Employees with brownout can be a real problem for your business as they become more apathetic and overwhelmed. On the inside, they lose their passion for their work and your company.

Inc. Magazine reports that Kibler found it’s possible to turn a brownout employee around by becoming an active partner in their recovery. A company hired Kibler to create an executive-development program for 500 of its leaders for one year.

Kibler discovered 60 of these high performers were planning to quit the firm within 12 months. After the program, which focused on mental and physical health, work and family through one-on-one coaching, only two left the firm within the next five years.

Incredible results to say the least.

Tips for those suffering from brownout:

  1. Meditation class. Meditation calms the mind and creates clarity. It can lead you home to your mind, body and soul. There are classes all over the place, even online. Try it.
  2. Yoga class. When you get stressed or depressed, you disconnect from your body.
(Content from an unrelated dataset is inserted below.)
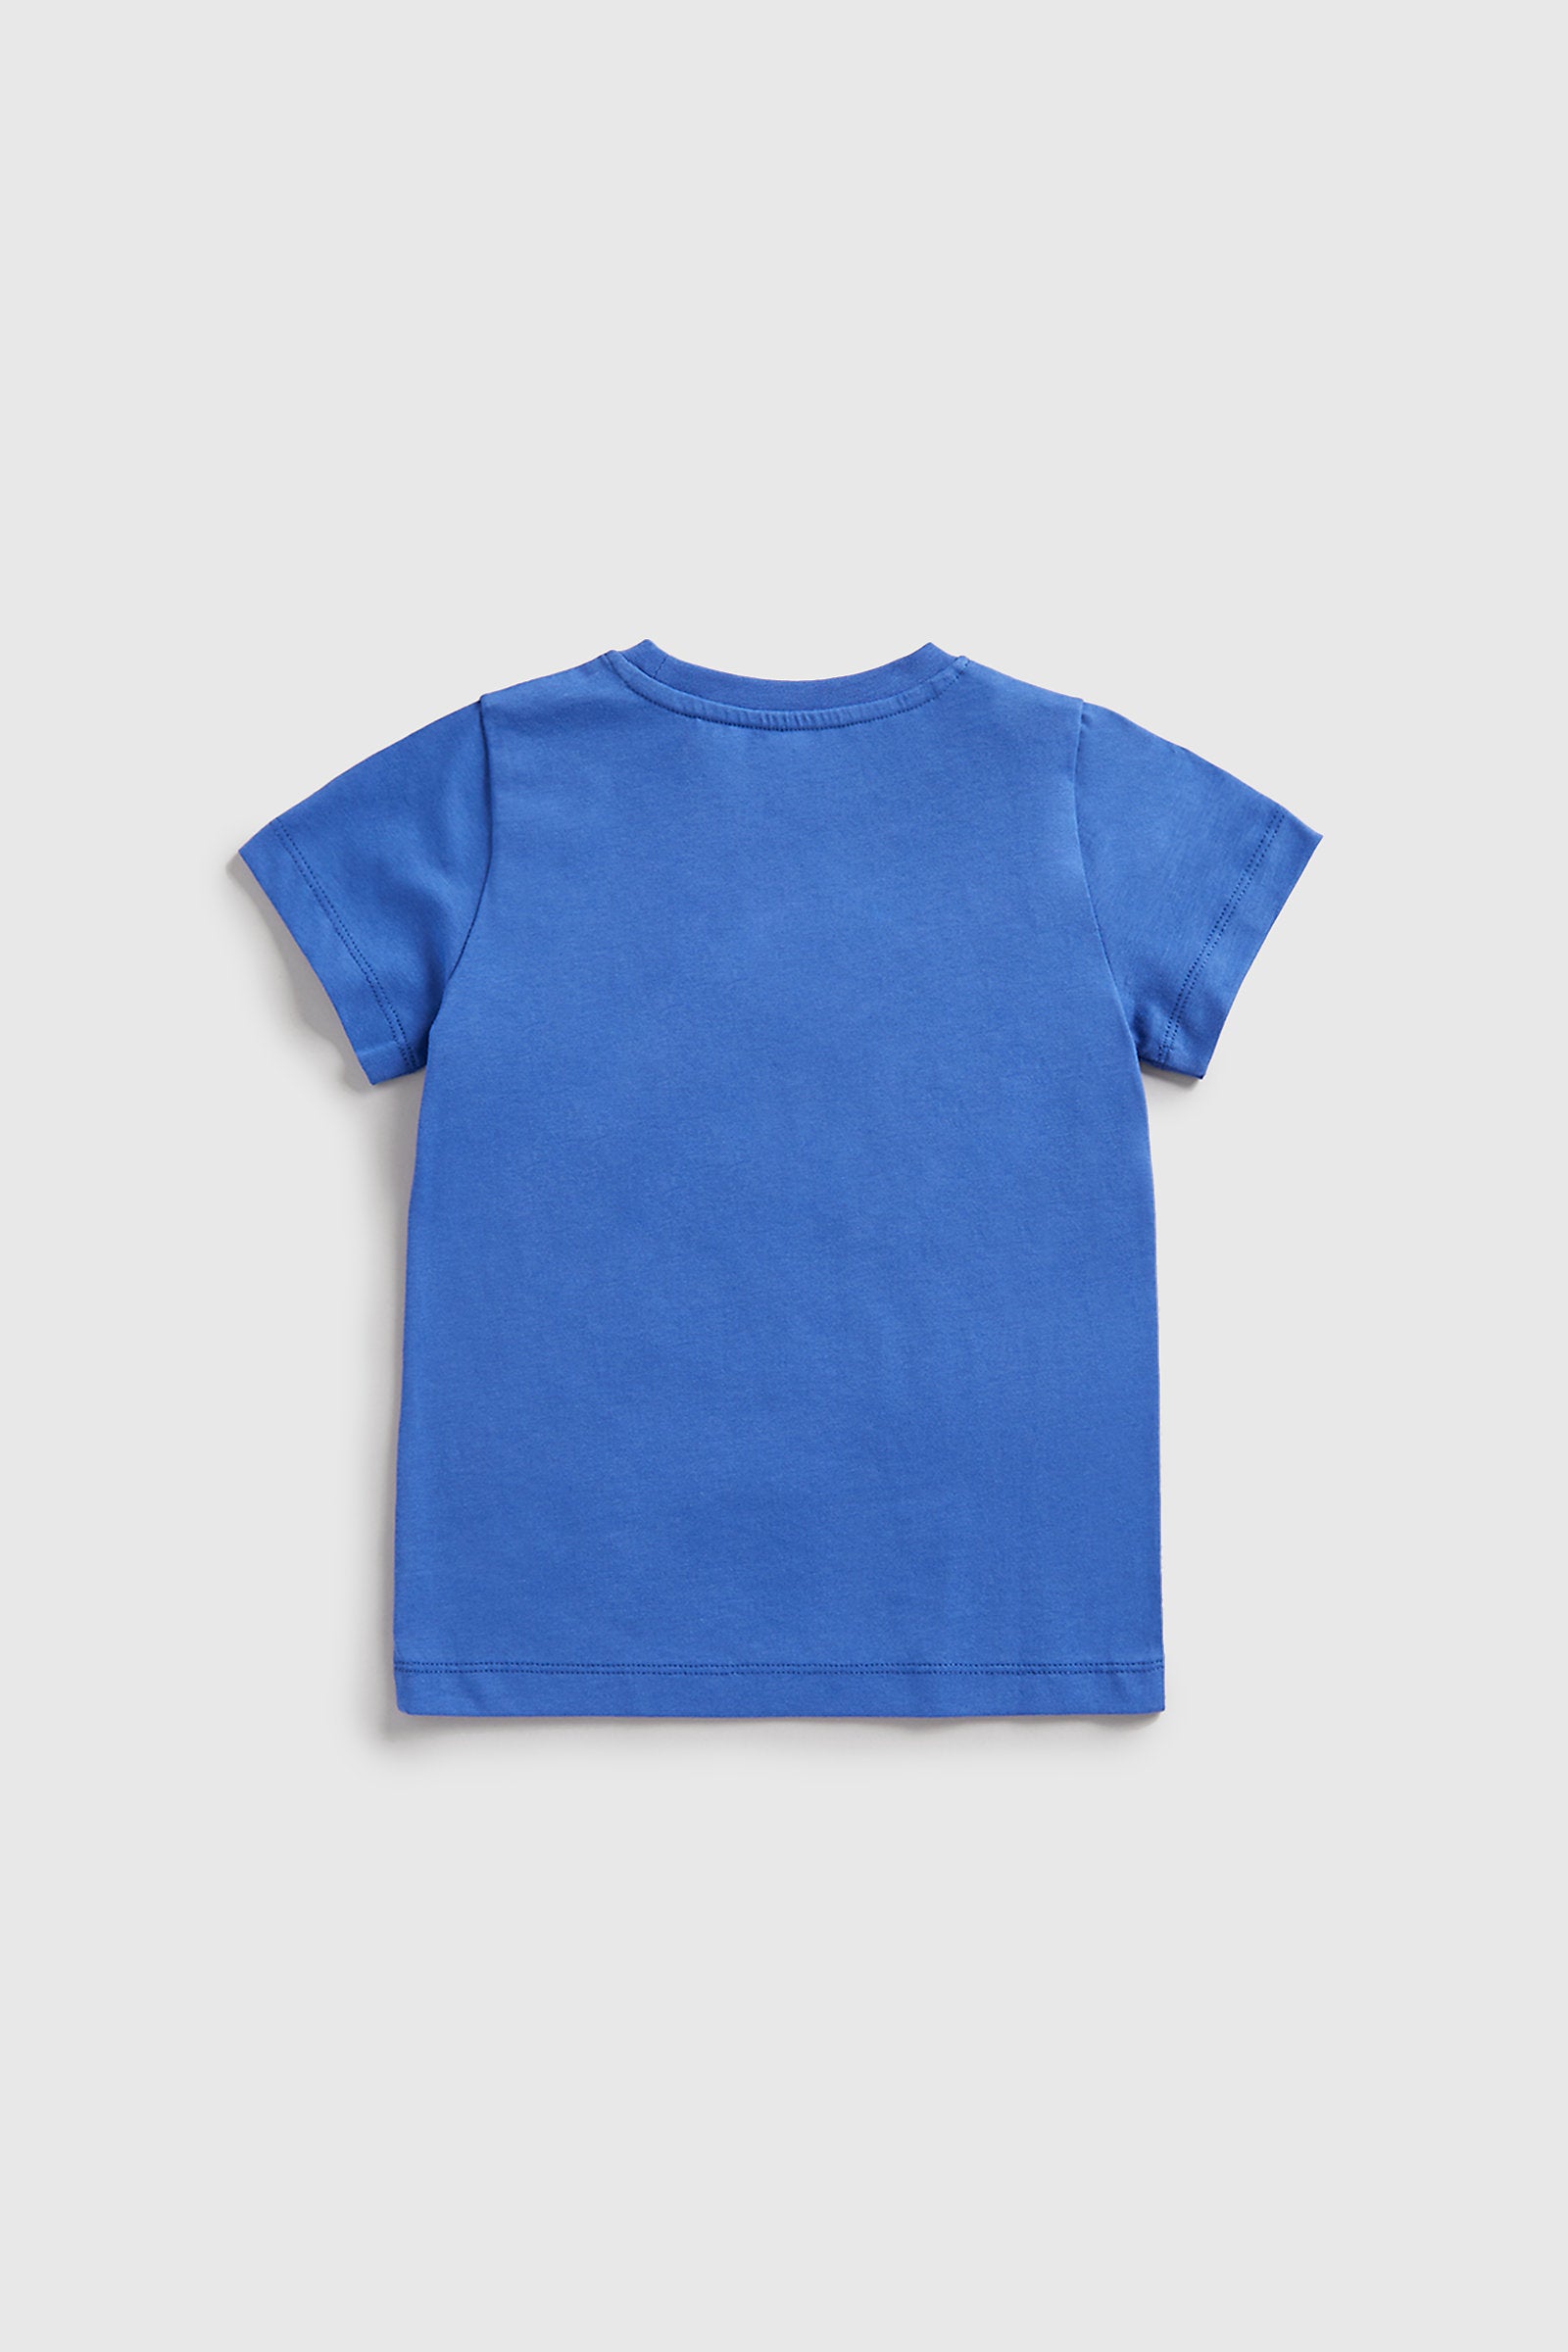 Mothercare Winner T-Shirt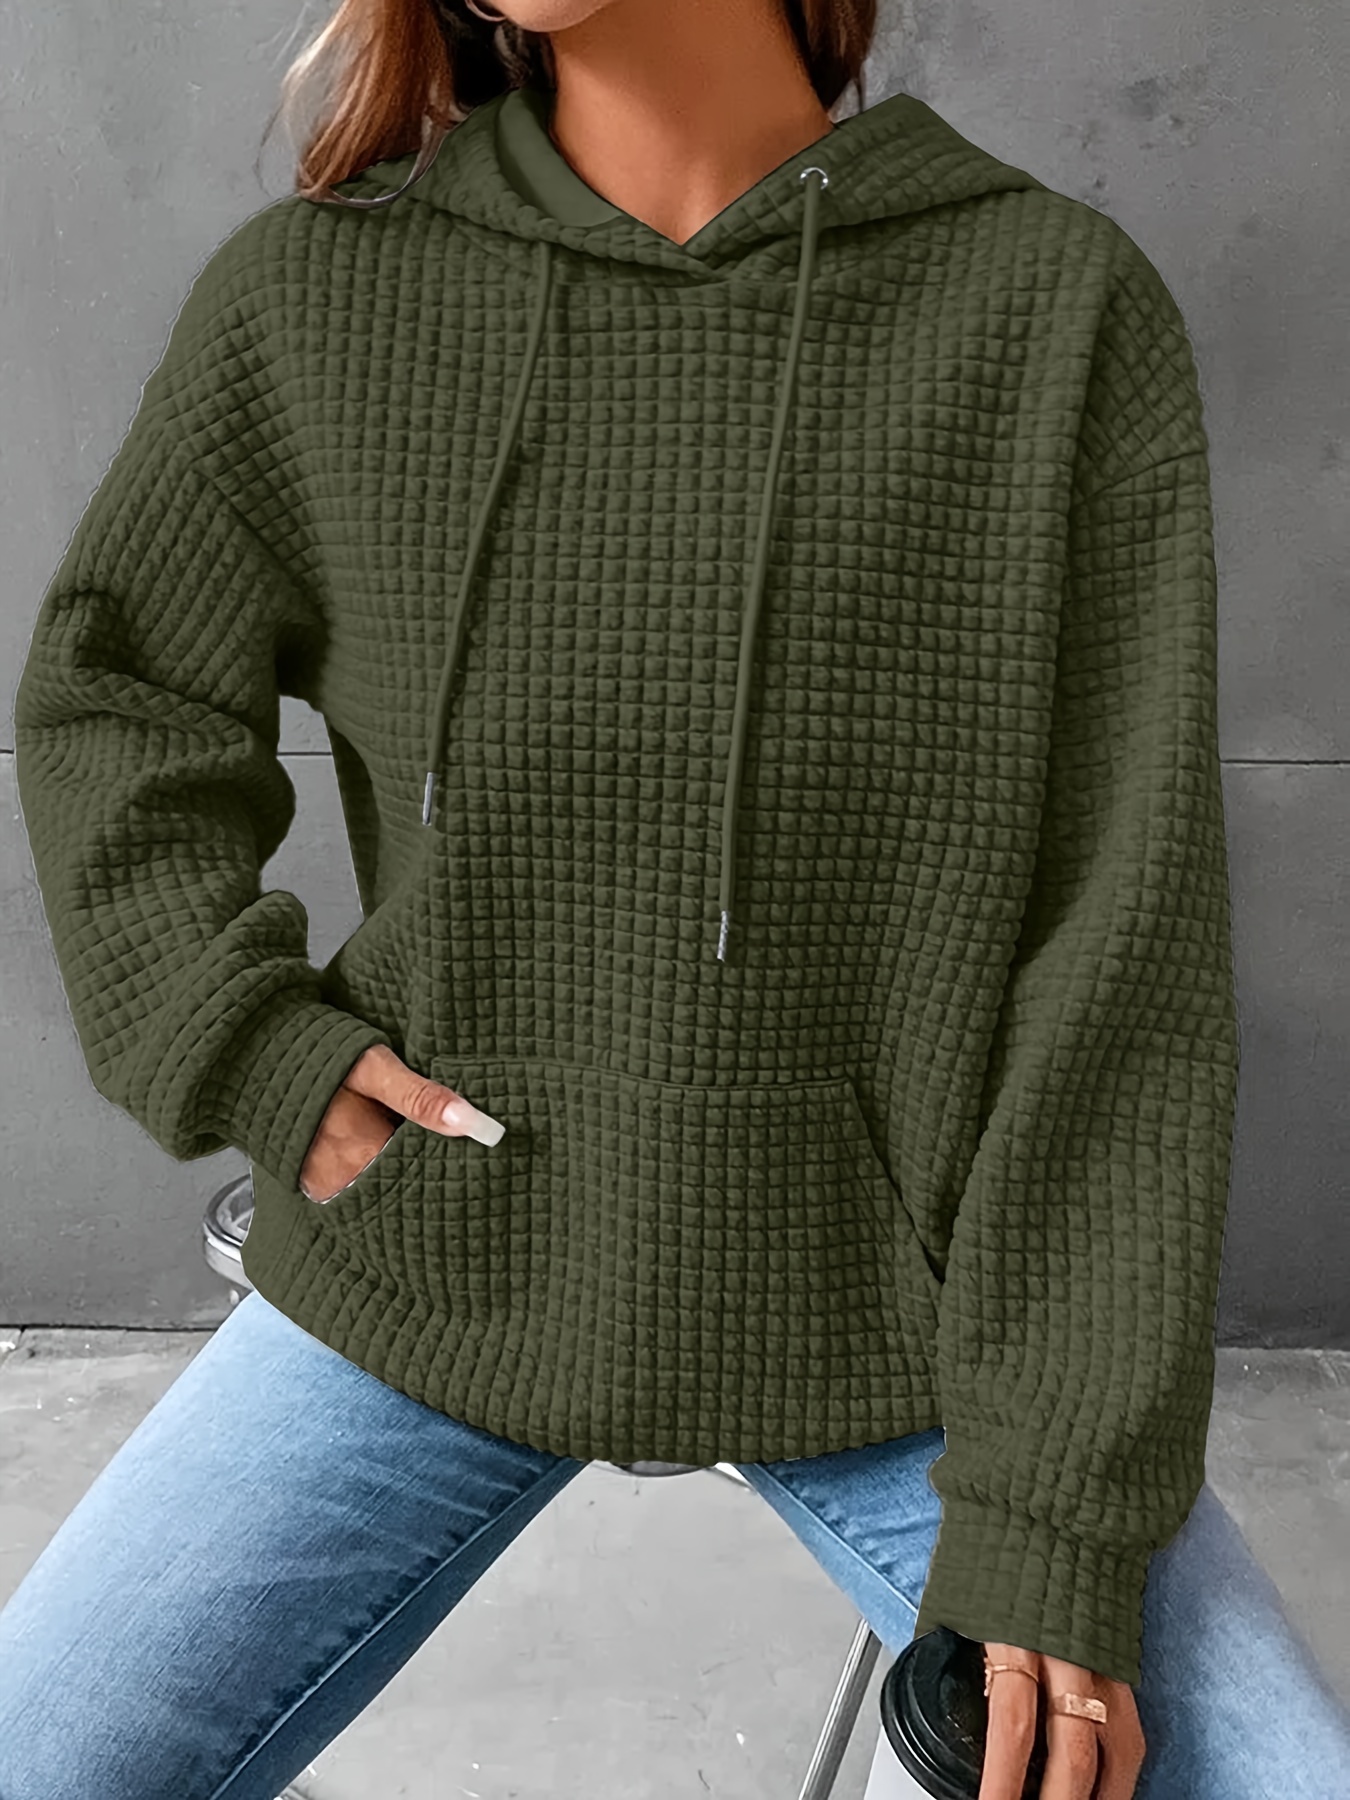 Wild Fable Women's Cropped Hoodie Sweatshirt Olive size Medium

Yoga is about the integration of the mind, body and soul. Classes are also available in person or online.
  3. Get some personal counseling to have someone help you sort out your issues. You can get more clarity by having someone listen to you and guide you through the process.
  4. Be honest with your family, friends and management at work. Keeping your anxiety trapped inside is only going to make this get worse. People who care about you really want to help and support you. Reach out.